Start of Block

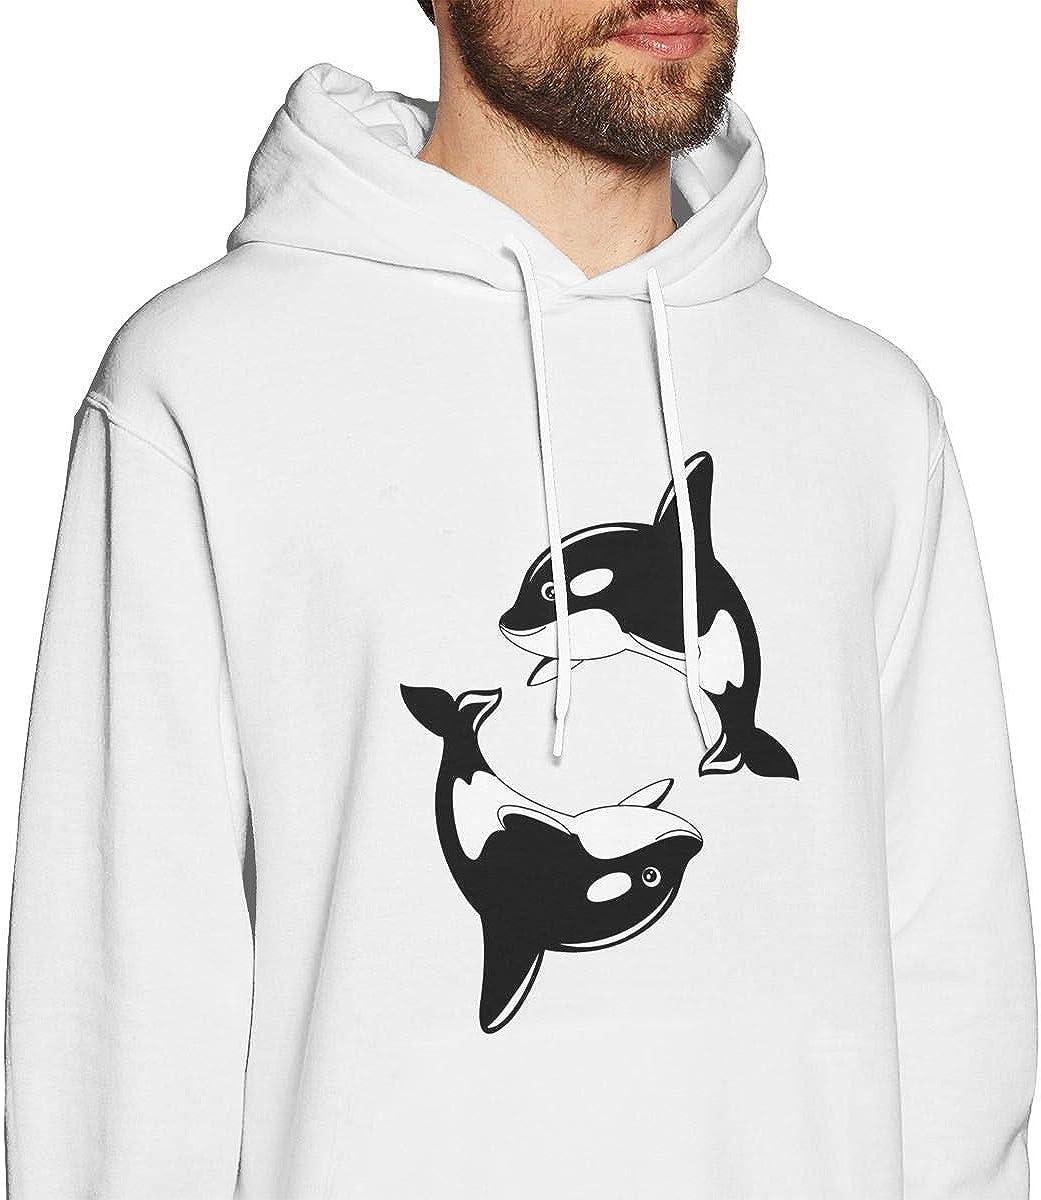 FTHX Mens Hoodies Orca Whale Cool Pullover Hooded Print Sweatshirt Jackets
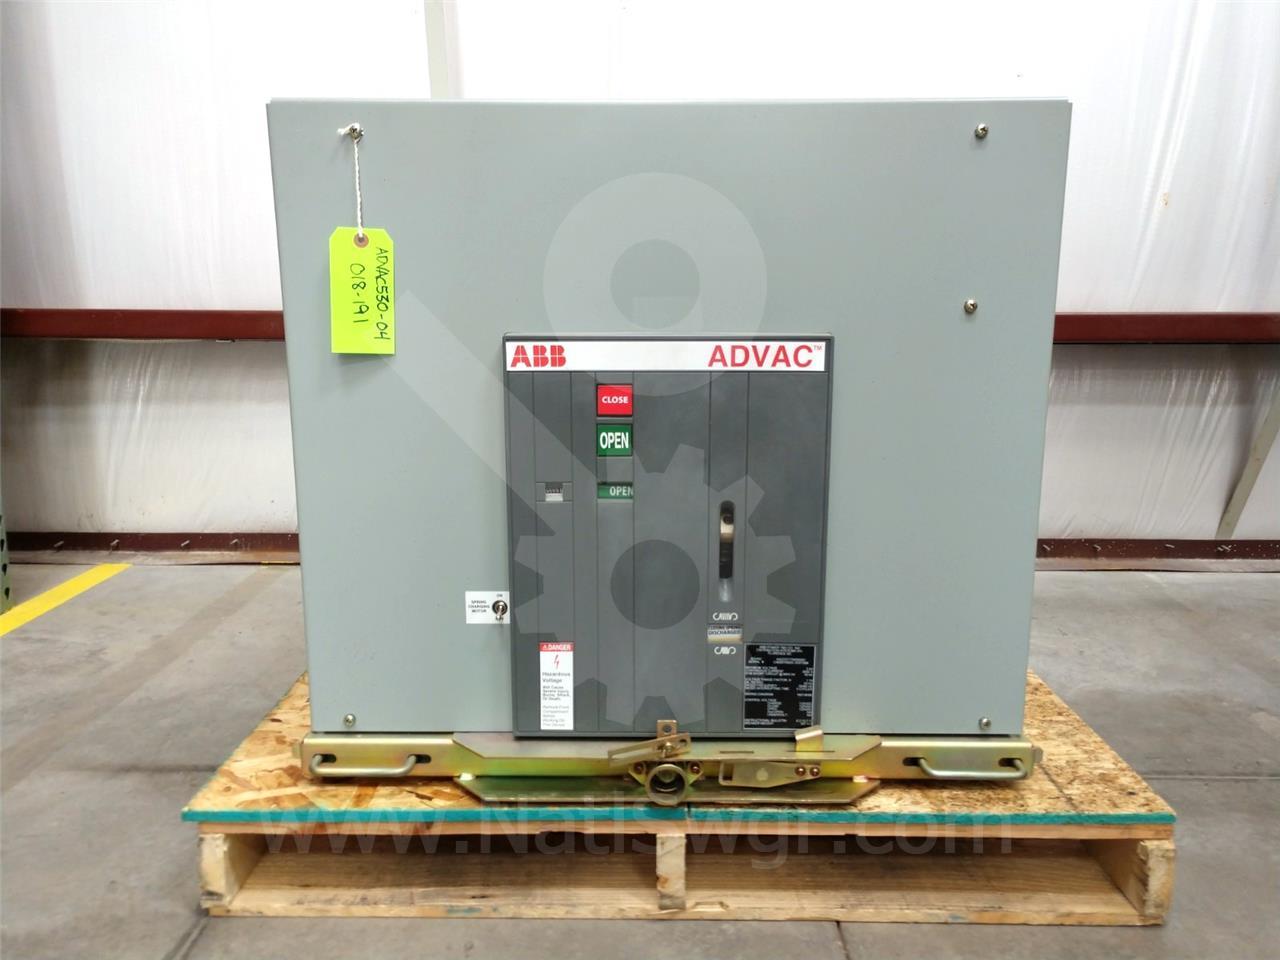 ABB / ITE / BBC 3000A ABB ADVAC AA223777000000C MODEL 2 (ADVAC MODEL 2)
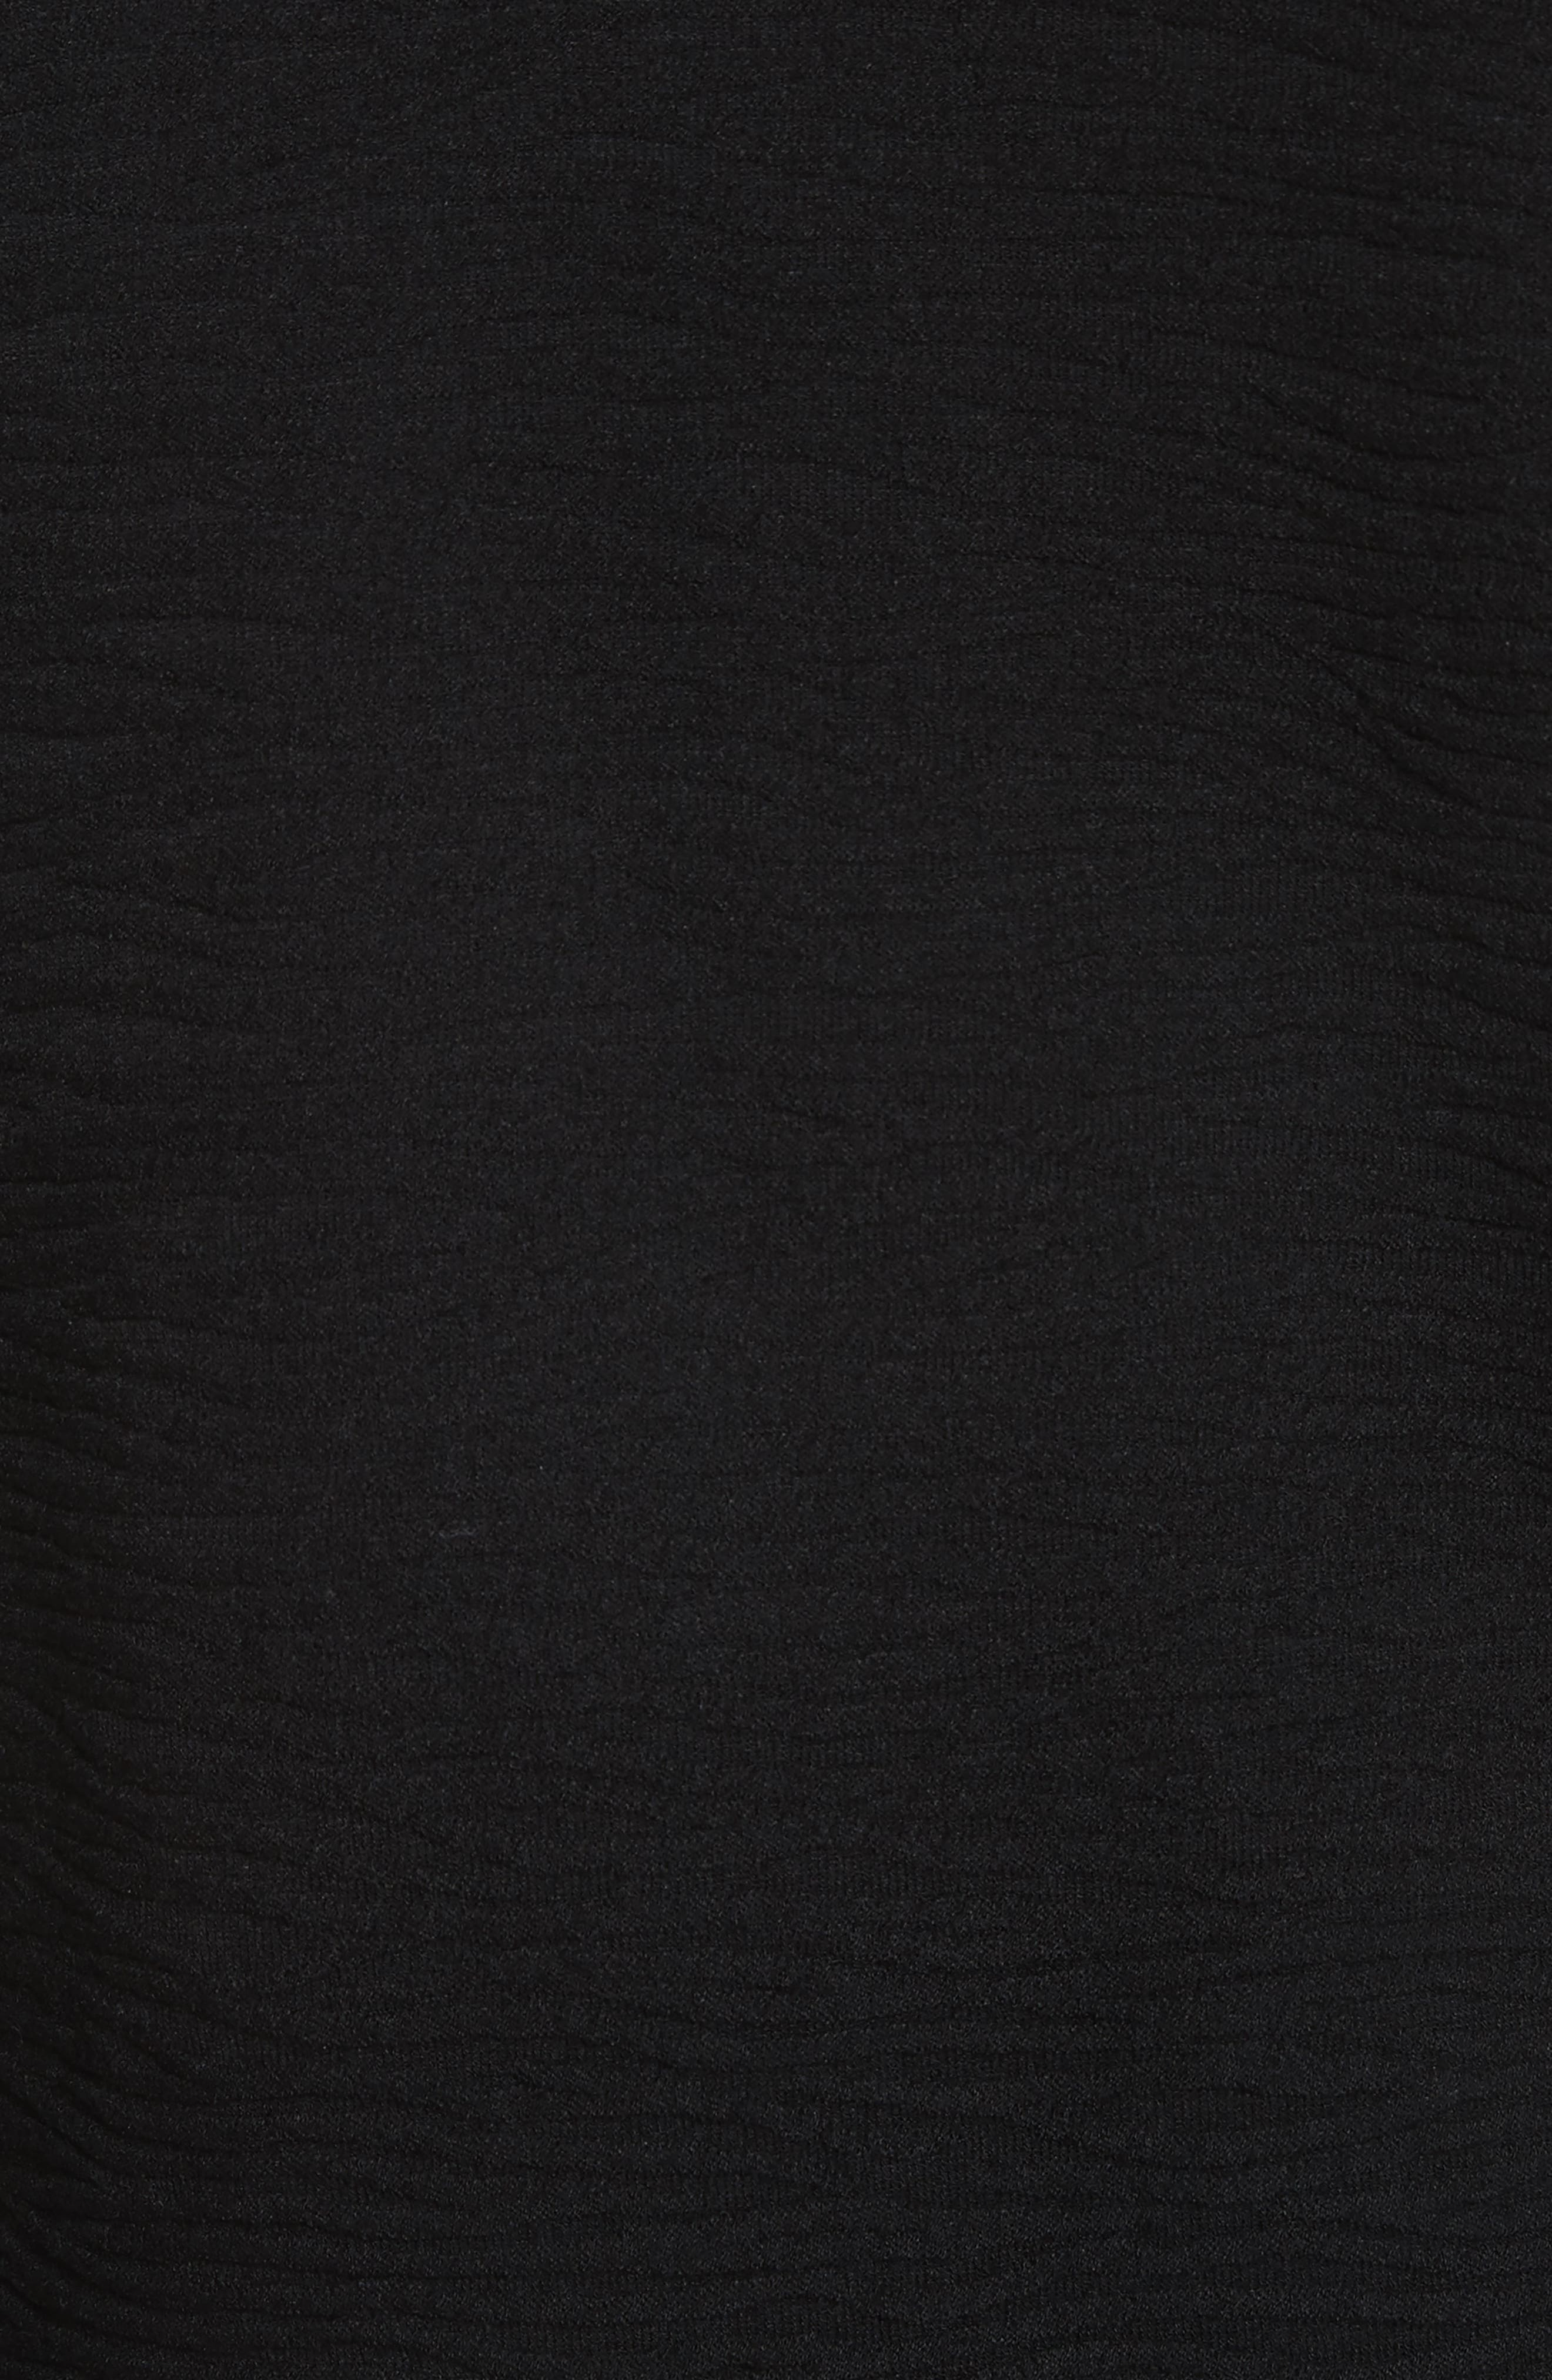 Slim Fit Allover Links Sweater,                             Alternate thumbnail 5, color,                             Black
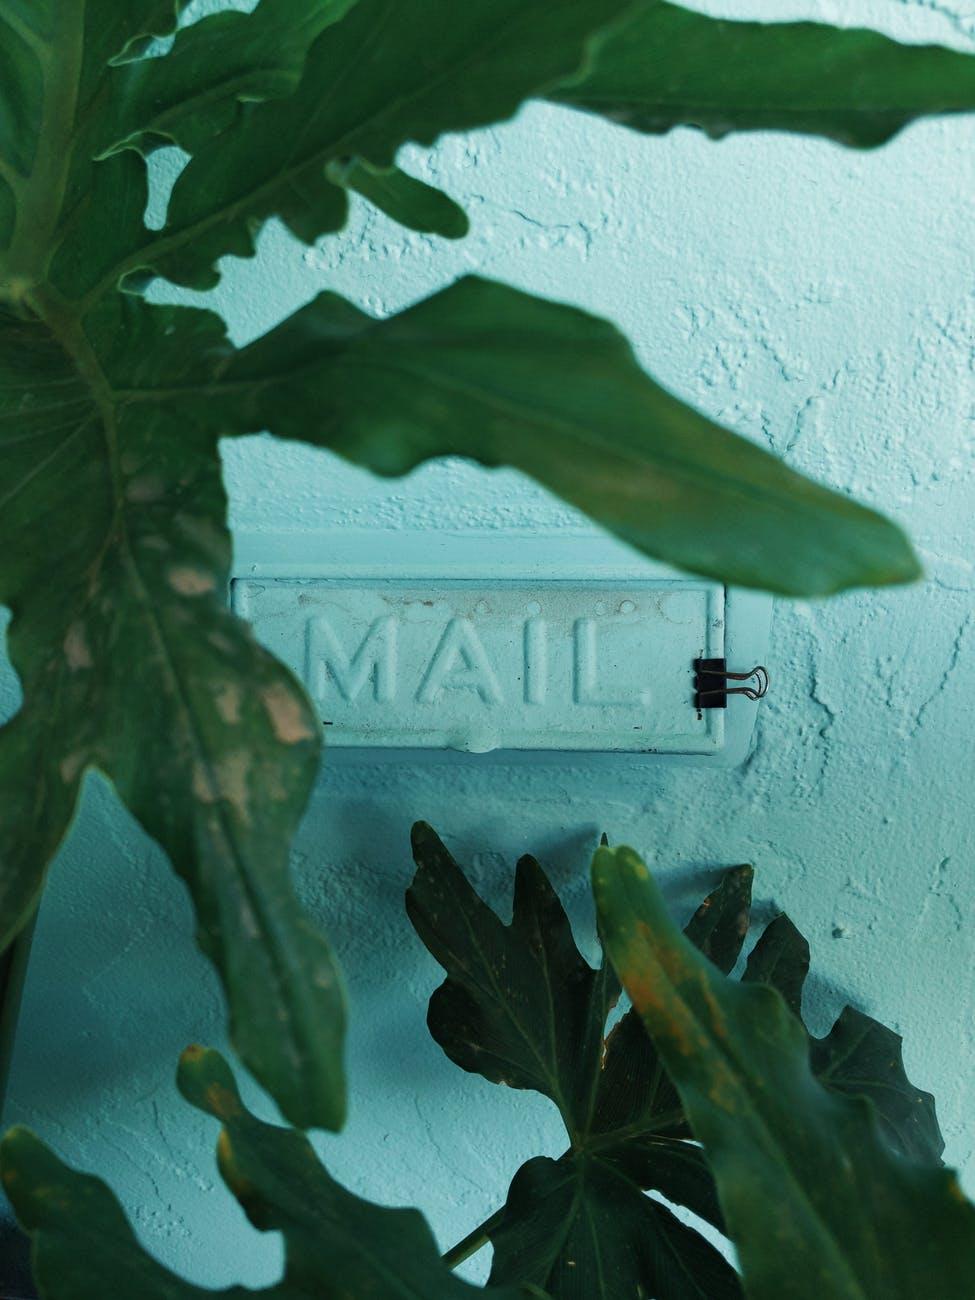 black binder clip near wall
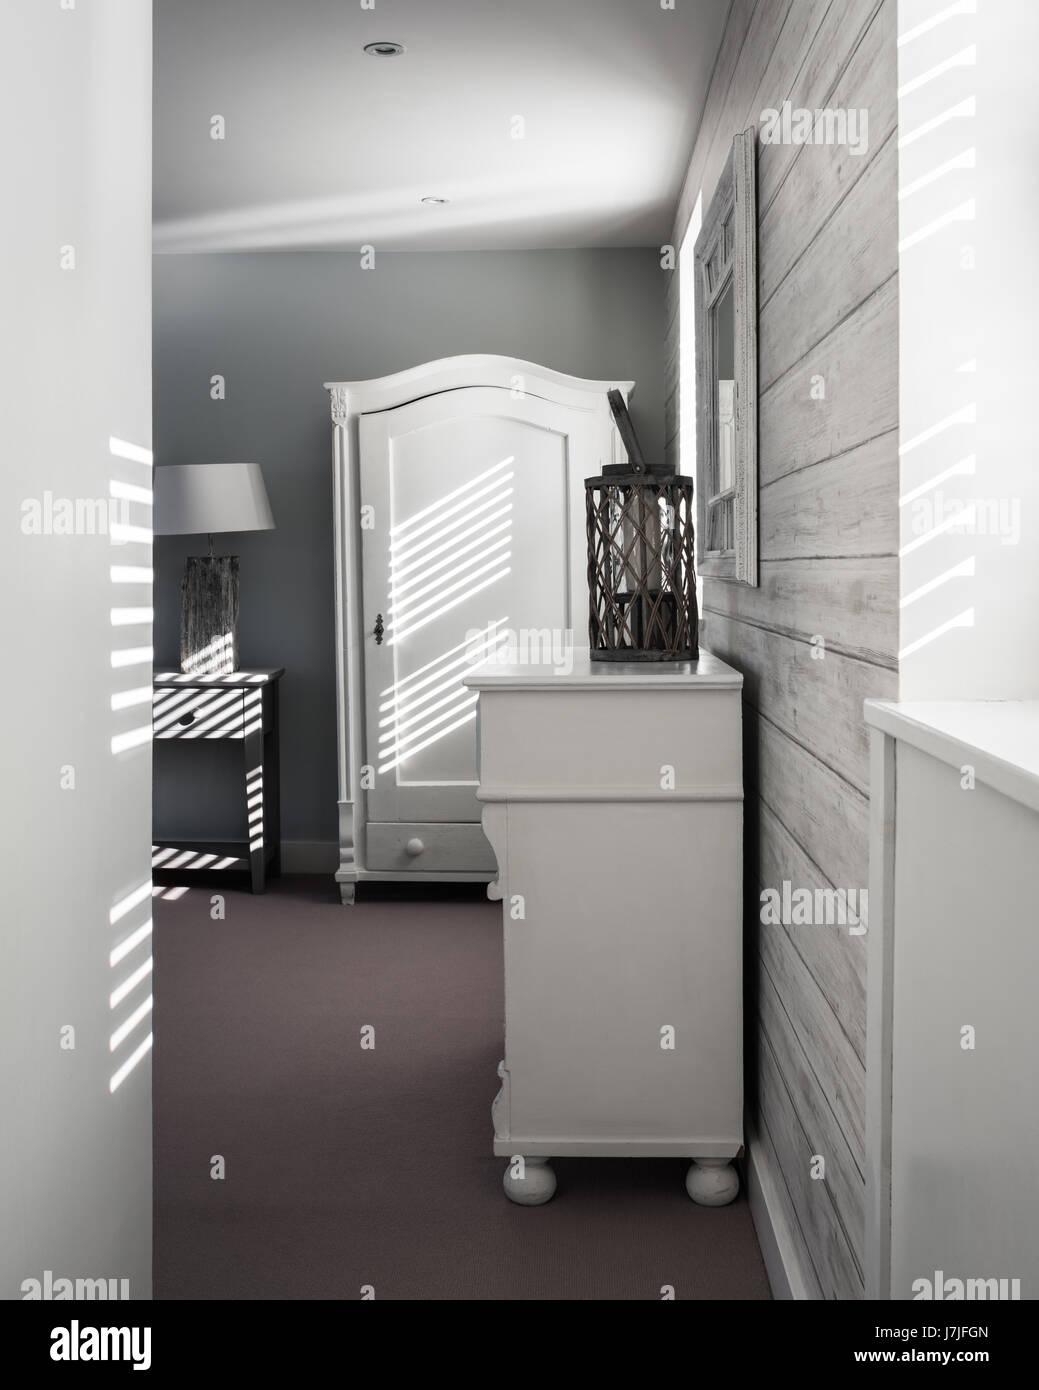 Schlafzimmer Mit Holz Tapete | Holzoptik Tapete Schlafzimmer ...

End of Block

Would you give the records again exactly, dropping the pictures?

 FTHX Mens Hoodies Orca Whale Cool Pullover Hooded Print Sweatshirt Jackets
 ABB / ITE / BBC 3000A ABB ADVAC AA223777000000C MODEL 2 (ADVAC MODEL 2)
 Slim Fit Allover Links Sweater,                             Alternate thumbnail 5, color,                             Black
 black binder clip near wall
 Schlafzimmer Mit Holz Tapete | Holzoptik Tapete Schlafzimmer ...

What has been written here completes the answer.